WORK ITEM =
Once you find the line below that has "Twilight Glow on", output it and every line after it exactly, stopping after the line that has "First aid training, bandaging", with no pictures.

SOURCE RECORDS =
___

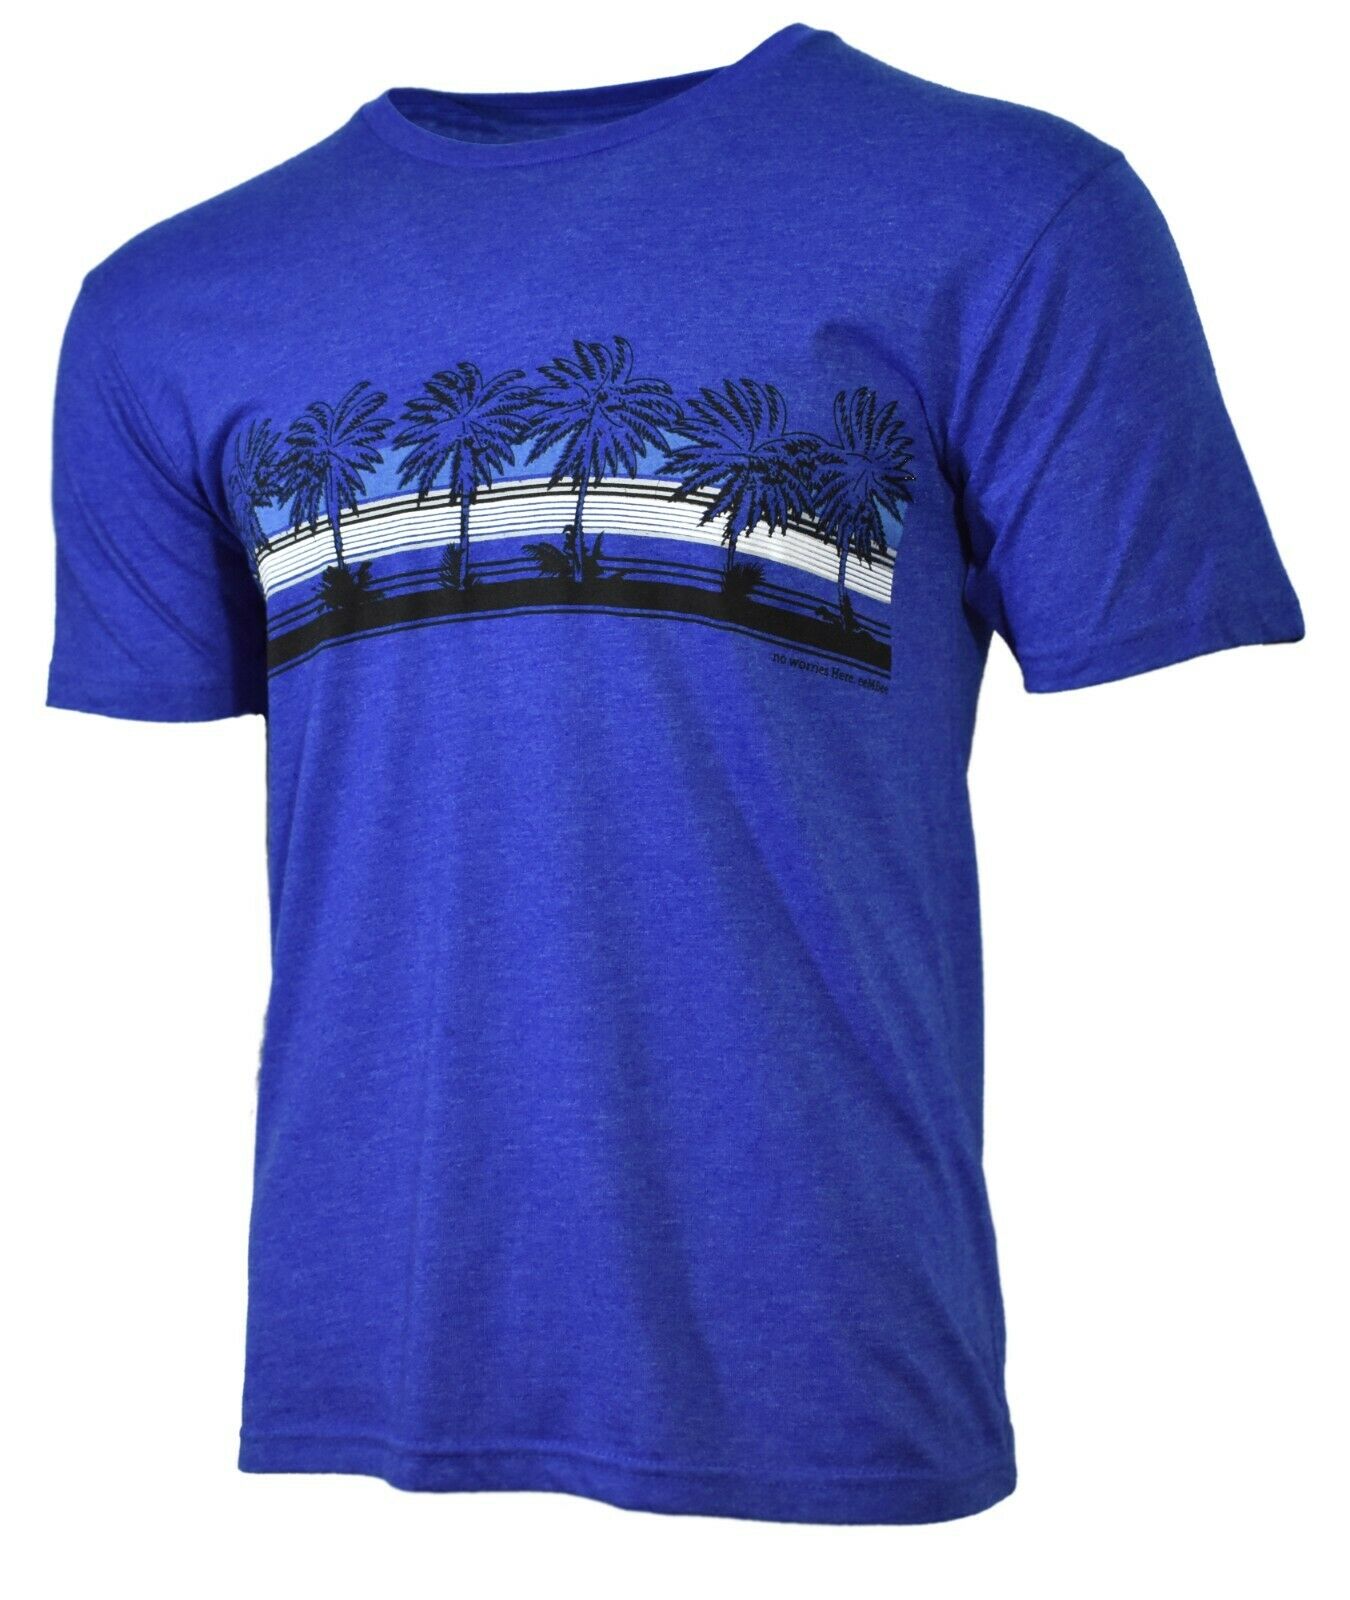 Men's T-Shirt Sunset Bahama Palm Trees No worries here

___

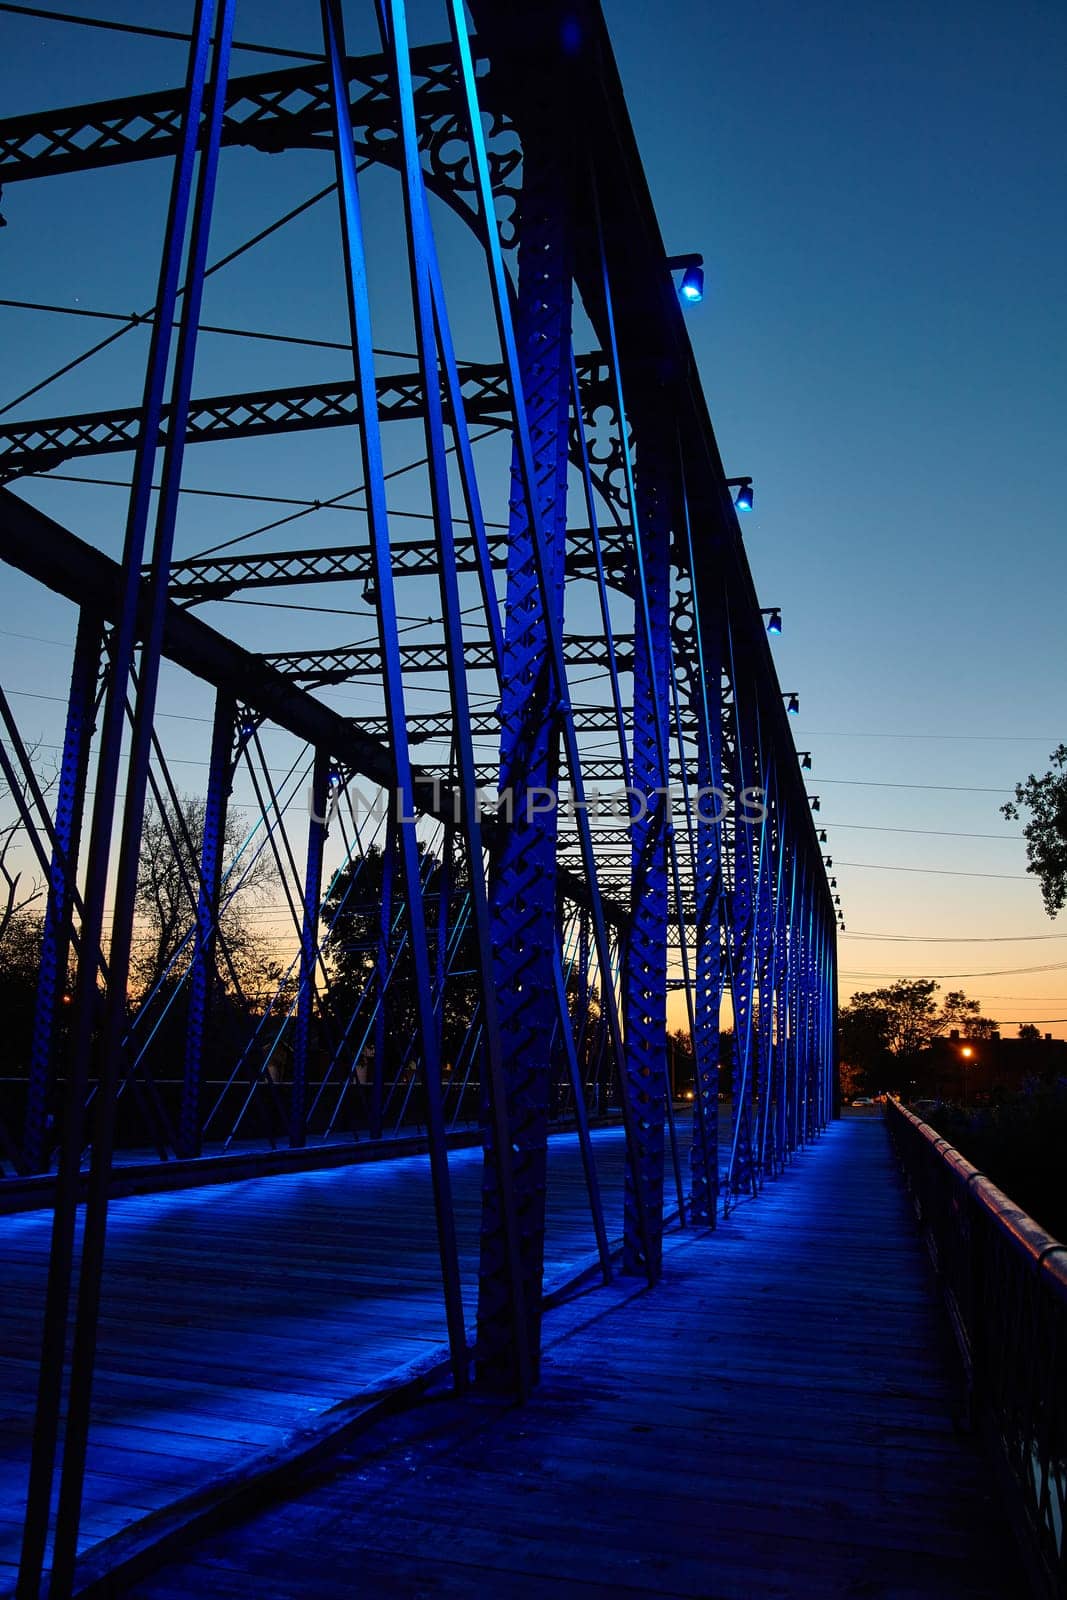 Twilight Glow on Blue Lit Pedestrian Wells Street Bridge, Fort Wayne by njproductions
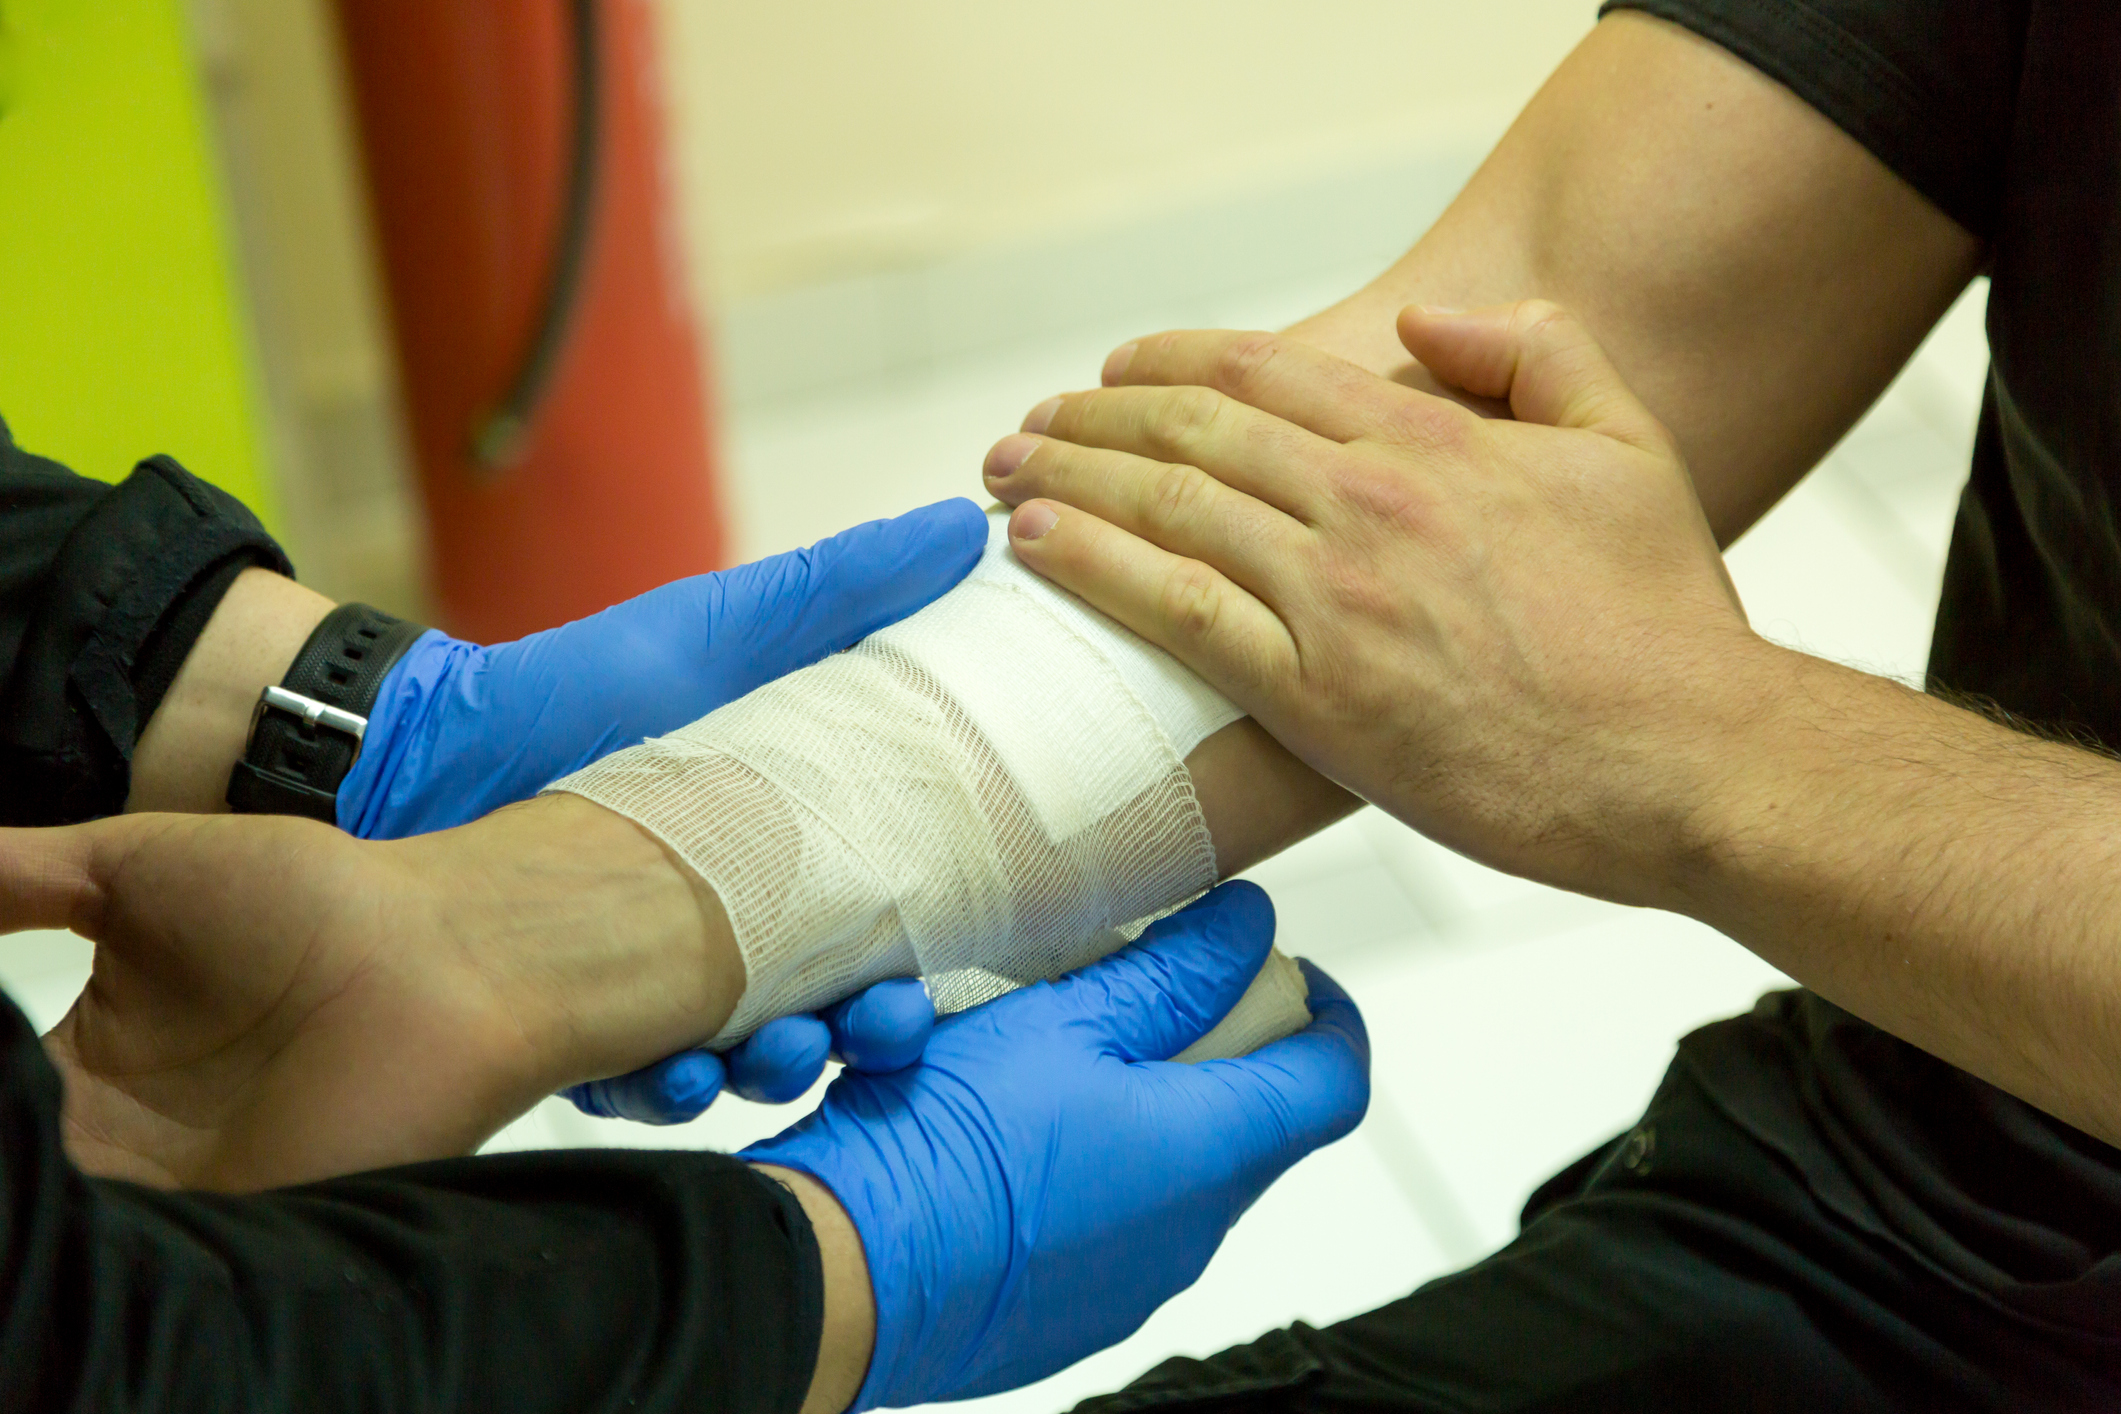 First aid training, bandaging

___

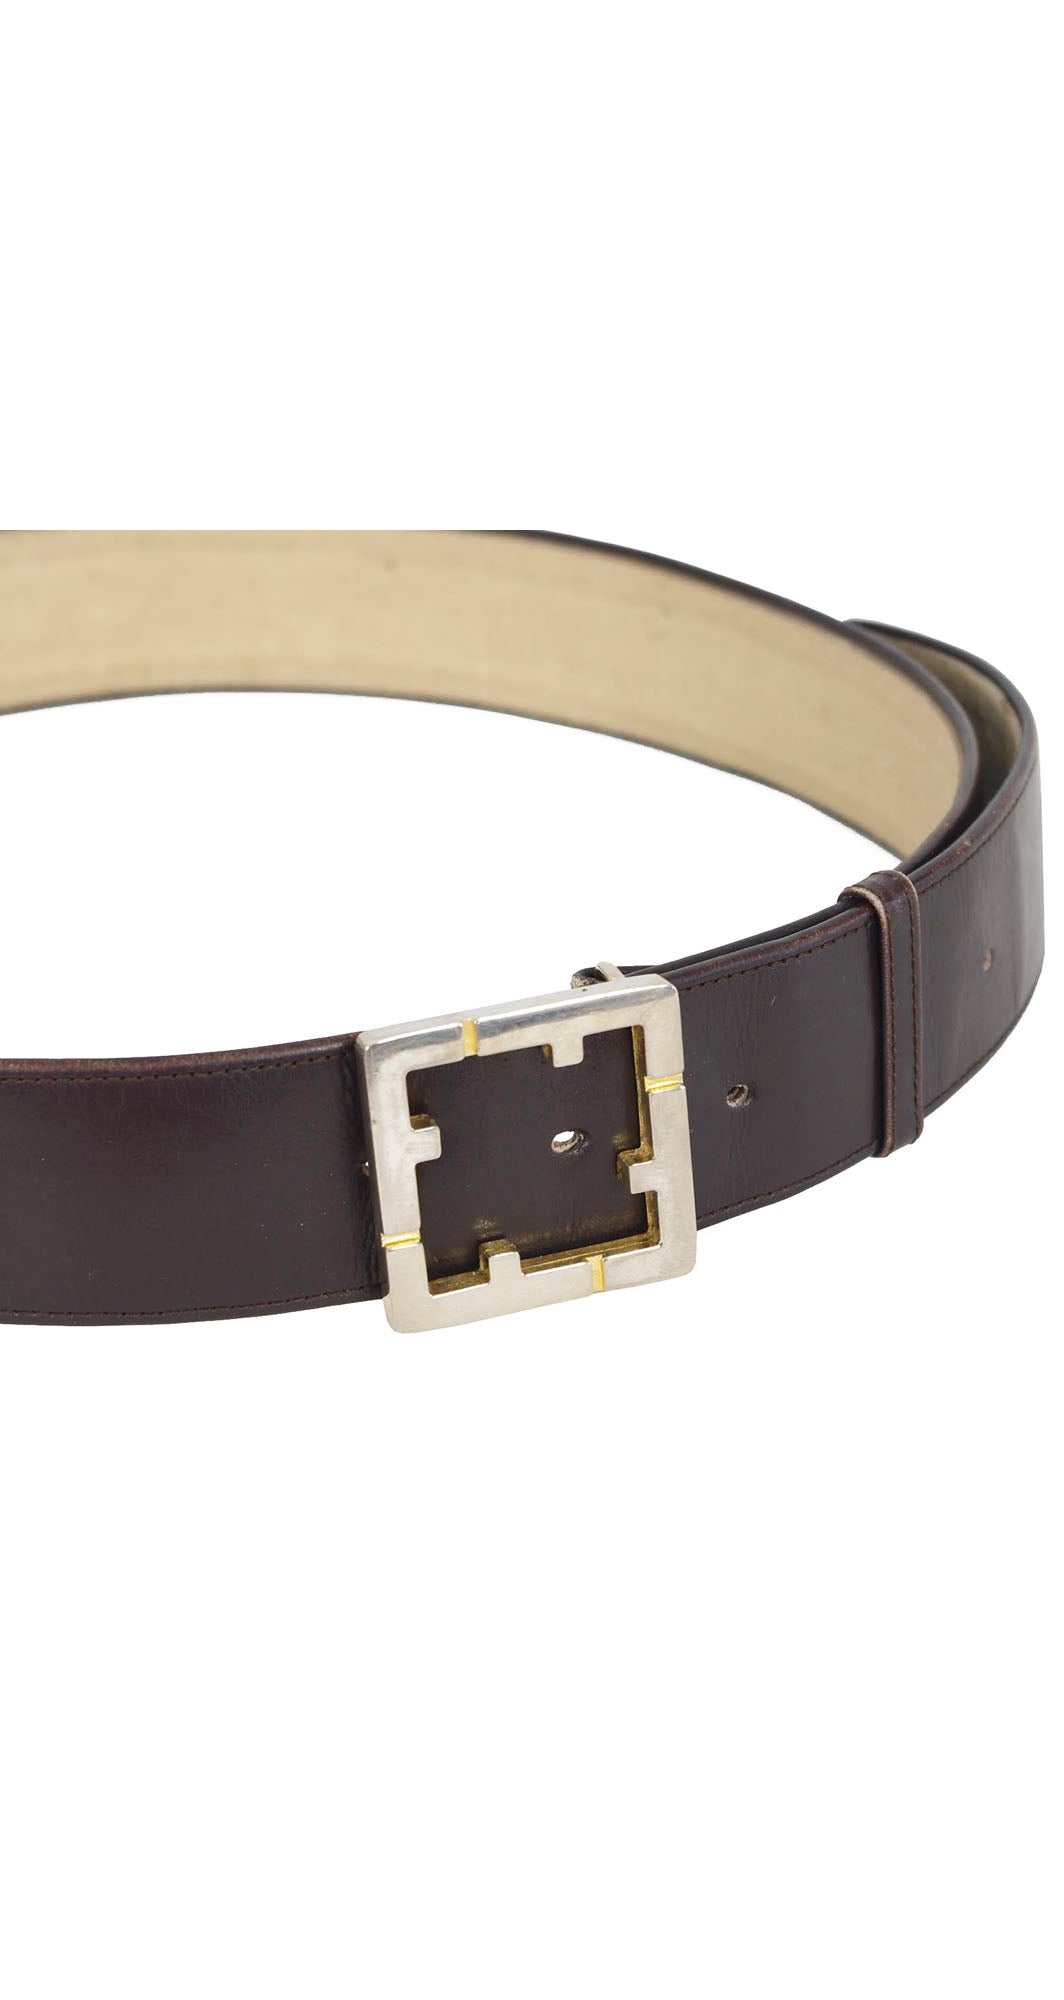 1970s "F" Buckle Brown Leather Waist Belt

___

EXERCISE OUTPUT =
 Twilight Glow on Blue Lit Pedestrian Wells Street Bridge, Fort Wayne by njproductions
 First aid training, bandaging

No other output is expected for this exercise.